I don't agree, or maybe I'm inexperienced in this sense, because I have never wondered or worried whether poetry itself is worthwhile. And what does the era have to do with it? Why would poetry be more (or less) worthwhile in some periods than others? That makes no sense at all to my way of thinking. What would it even mean to say poetry is not worthwhile? I cannot even imagine this, let alone worry about it. I might loathe myself at times, but never the part of me that is a poet.

It sounds like something we ought to do--wring hands about whether poetry can save the world, etc... That gets tiresome fast, and in any case is based on an OVERvaluation of poetry. Poetry ought to be able to save the world, it cannot, therefore is has no value.

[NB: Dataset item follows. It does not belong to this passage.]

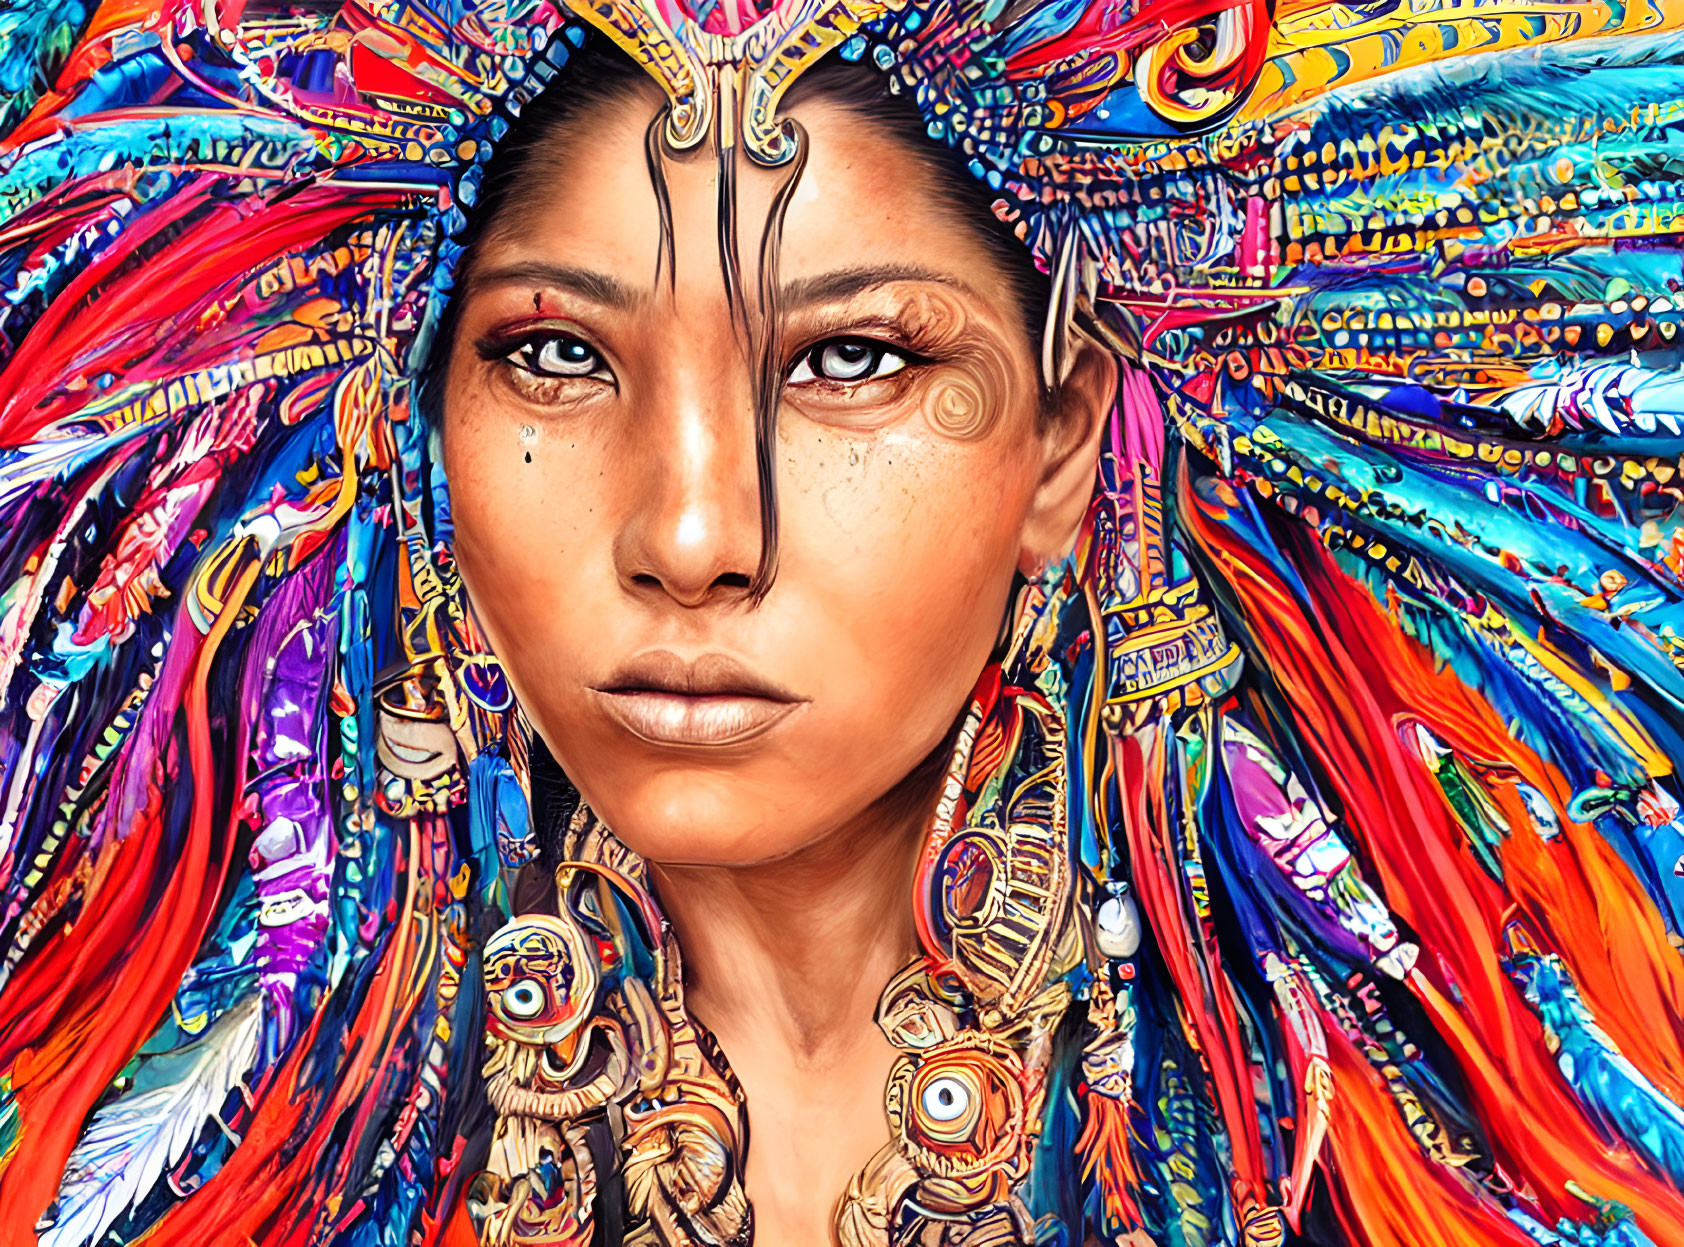 Colorful Portrait of Woman with Intricate Headdress and Markings

Well, by that measure, no human activity has much value.

On the other hand, I do wonder whether my own work could possibly make any contribution to this grand enterprise (poetry, not world-saving). Self-doubt is not necessarily the result of inexperience, either (though in my case it probably is). There are very great poets who have doubted themselves profoundly.

I am obsessed with judgment, with whether it's good or not, whether I like it or not. I differ in this from my academic colleagues, who don't really think that much about whether they like what they are studying or not. Admirable objectivity, or simply the deadening of the sensibility? Entirely too much talk about liking and disliking? Or not nearly enough? This is not to say I don't change my mind. I love being proved wrong, though it doesn't happen nearly often enough.

I was glad to see Kenneth Koch recommend Saintsbury in "Making Your Own Days."